Когда та же компания (за исключением посла в Петербурге) собиралась на совещание три месяца назад, то все ее члены (и в первую очередь кайзер) были полны надежд, что Германии удастся избежать худшего. Но теперь эти надежды рухнули в прах. С одной стороны, англо-франко-российский союз, заключенный на конференции в Бресте, четко очертил рамки будущей схватки за мировое господство. С другой стороны – без остатка рассеялись надежды на то, что когда придет час финальной схватки, русская армия окажется неуправляемой, медлительной и неуклюжей. Румынию генерал Плеве разобрал на запчасти в кратчайшие сроки, и сейчас, когда части его пятой Бессарабской армии, свернувшись в походные колонны, продолжают продвигаться на юг, по территории этой еще недавно независимой страны, в болгарских портах (Варне и Бургасе) с причаливших пароходов тысячами сходят русские солдаты.

Мольтке-младший сказал:

– С того момента, когда, вступившись за избиваемых христиан, Российская империя стала непосредственным участником войны на Балканах, у Турции не осталось шансов на более или менее благополучный исход.
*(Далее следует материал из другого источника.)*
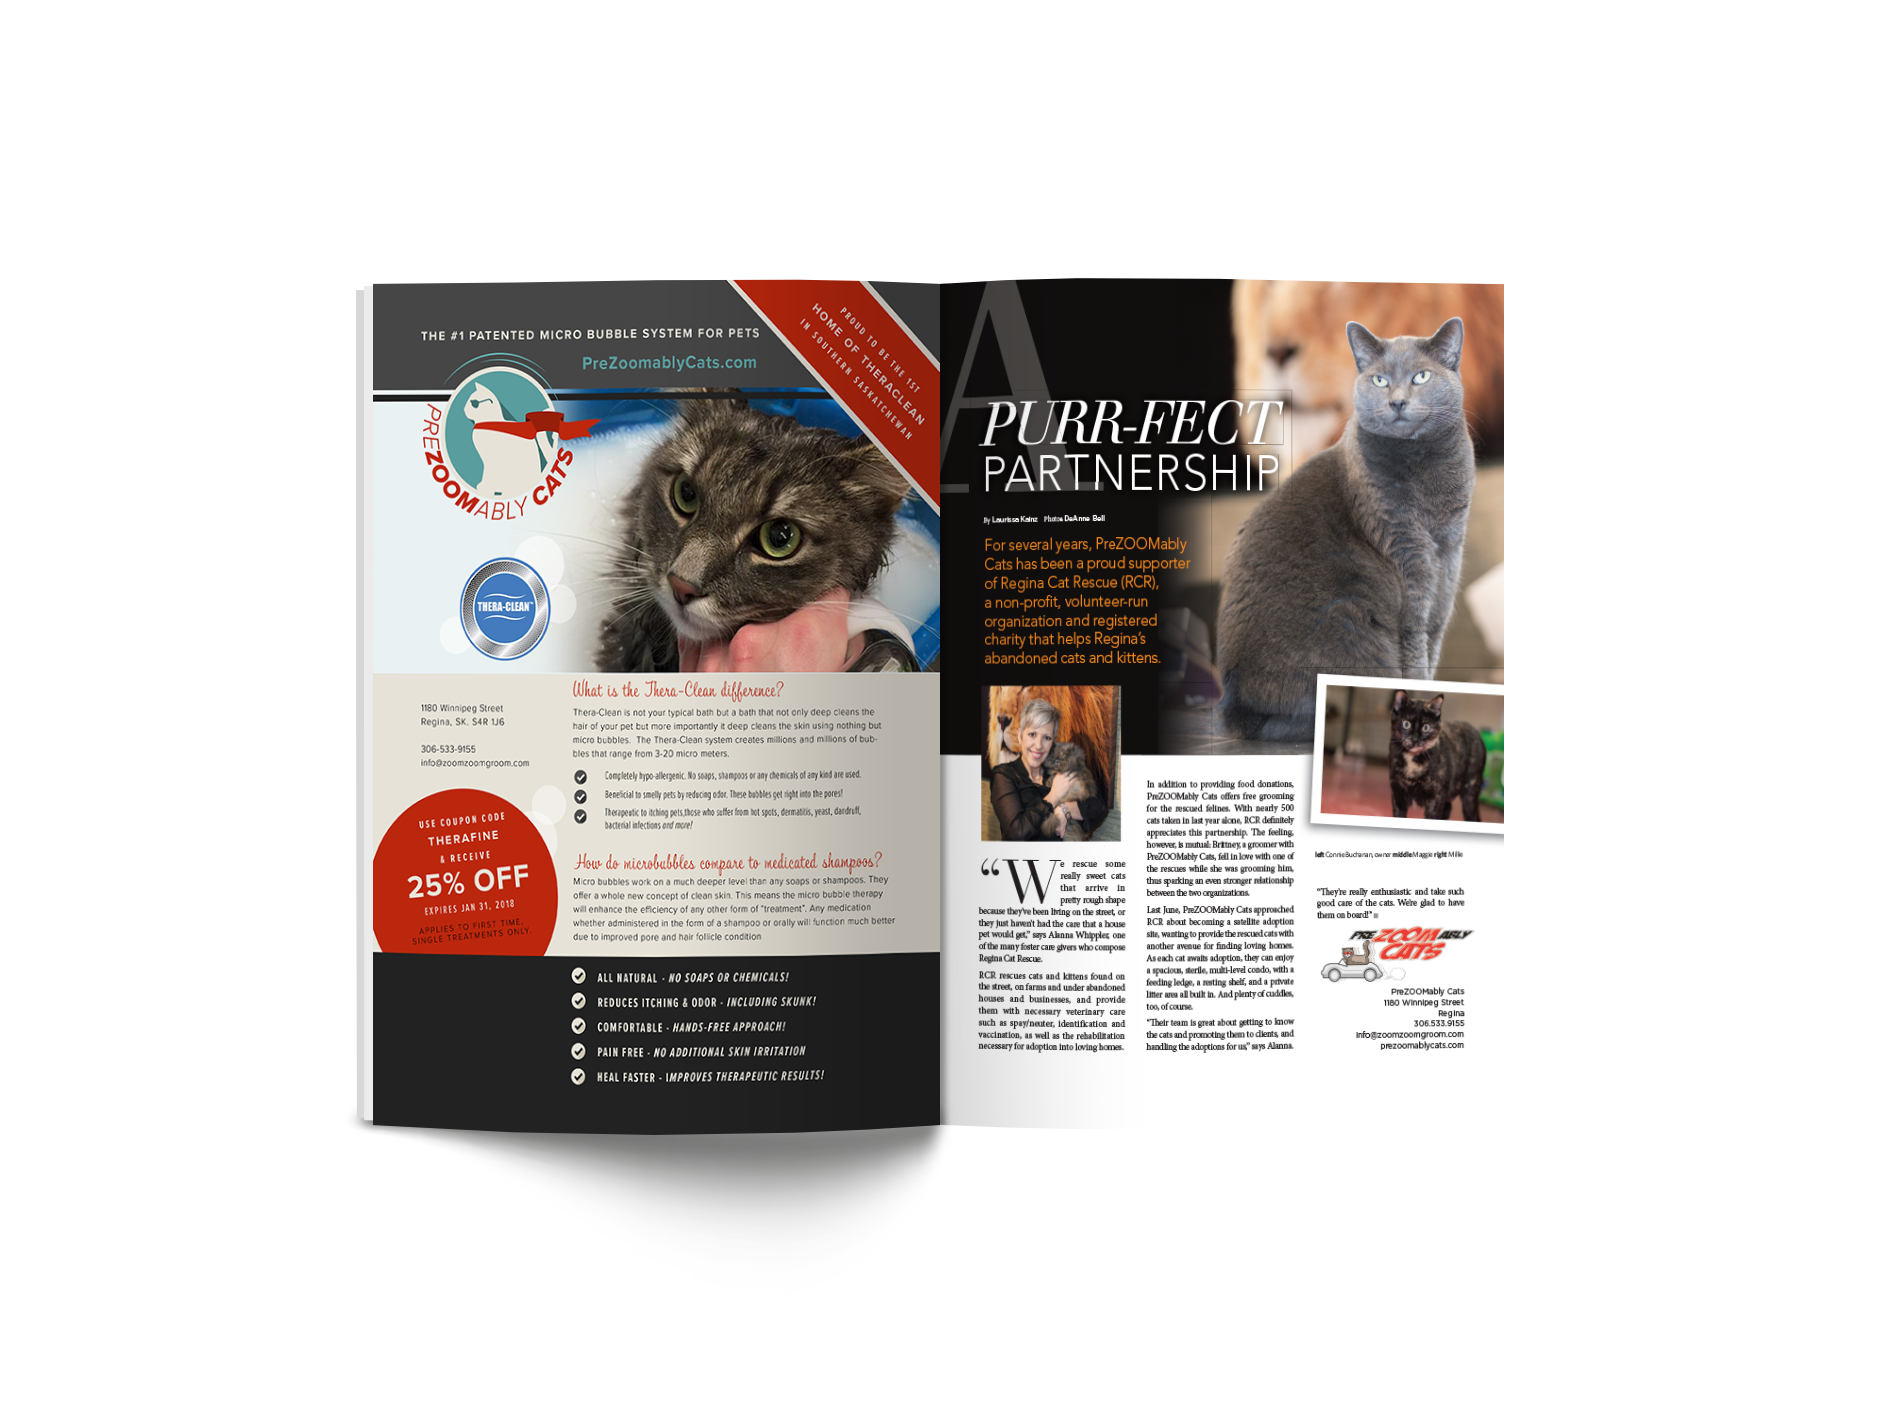 Purr-fect Partnership: PreZoomably Cats Regina
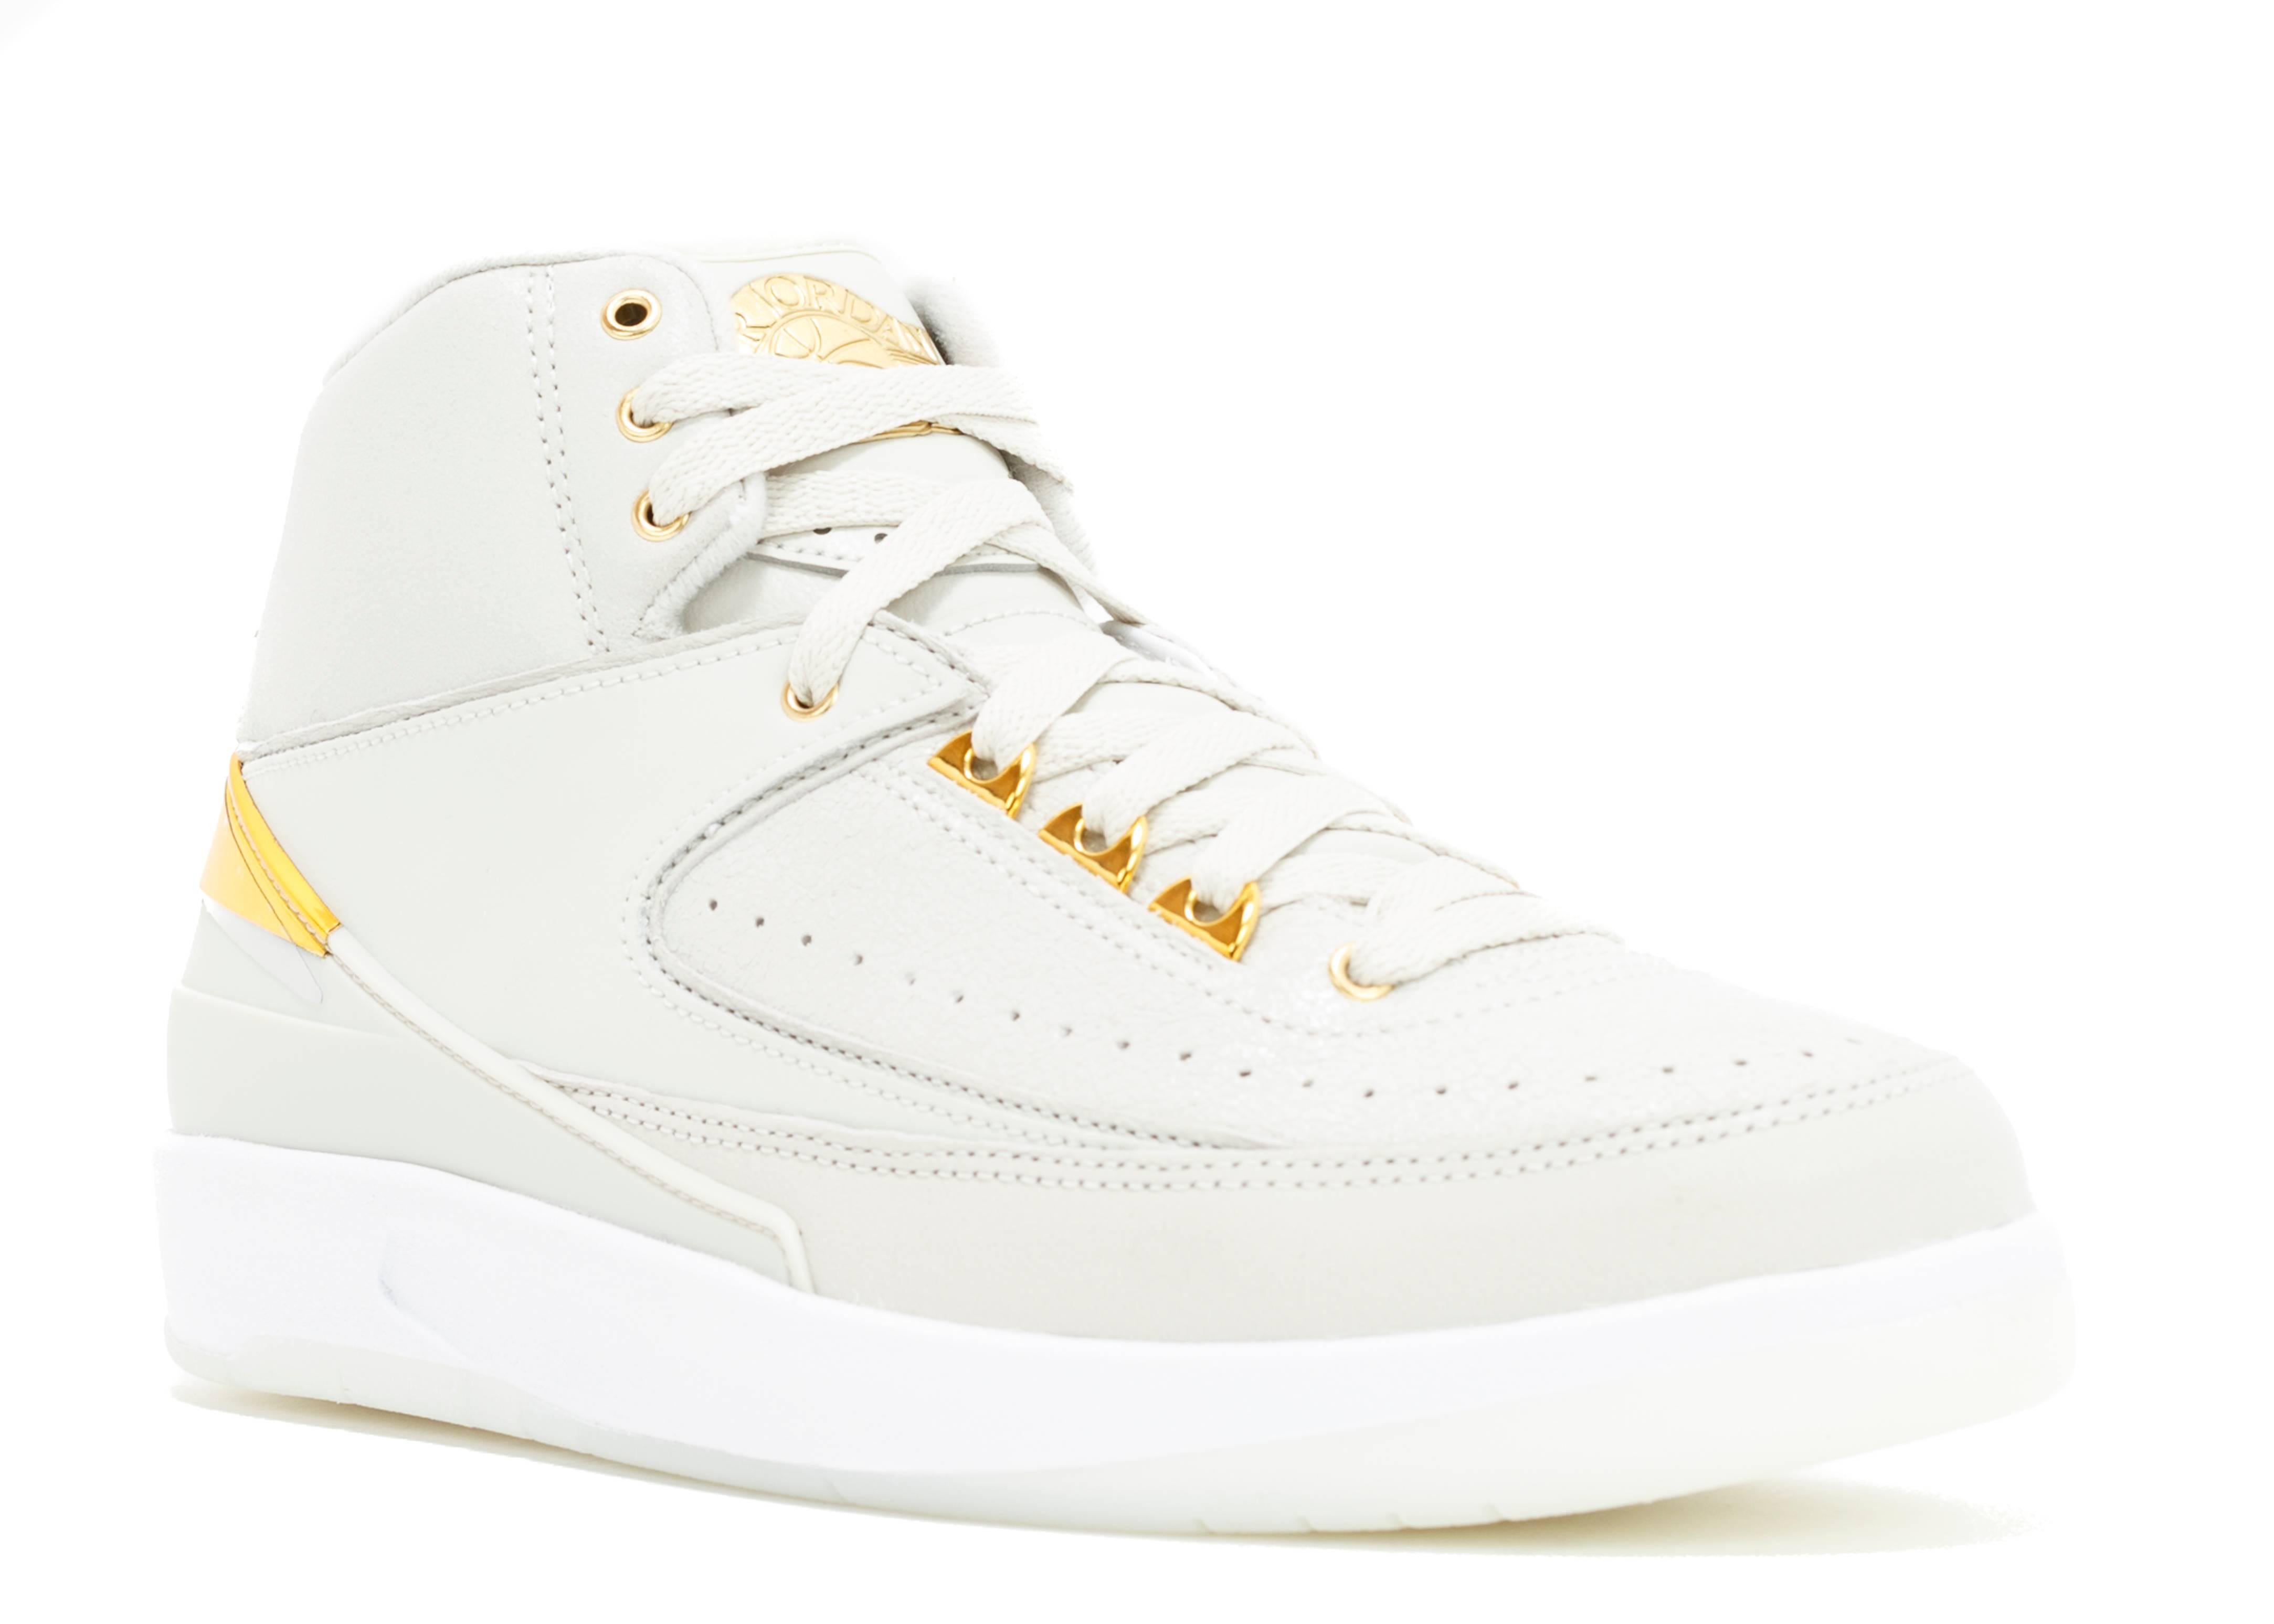 Jordans White And Gold

– Если бы эта война касалась только Балкан, то было бы полбеды! – воскликнул кайзер. – Русские армии начали наступление на Месопотамию через территорию Северной Персии, где у них по договоренности с англичанами имеется зона влияния, а также продвигаются вдоль берега Черного моря на Кавказе. Мне кажется, что наш добрый друг султан Абдул-Гамид не ожидал от русских варваров такой прыти и немного растерялся.

– Ваш добрый друг тридцать лет морочил вам голову, обещая разрешить постройку железной дороги Стамбул-Багдад-Басра, – напомнил своему доброму кайзеру адмирал Тирпиц, – но, несмотря на потраченные деньги и время, это дело так и не сдвинулось с мертвой точки. Русские за это время построили свой Великий Сибирский Путь, американцы соединили железной дорогой берега двух океанов, и лишь наш проект так и остался на бумаге.

– Все дело в том, что русские и американцы прокладывали дороги по своей территории, – устало заметил Бернгард фон Бюлов, – а мы для постройки своей дороги были вынуждены связаться с турками…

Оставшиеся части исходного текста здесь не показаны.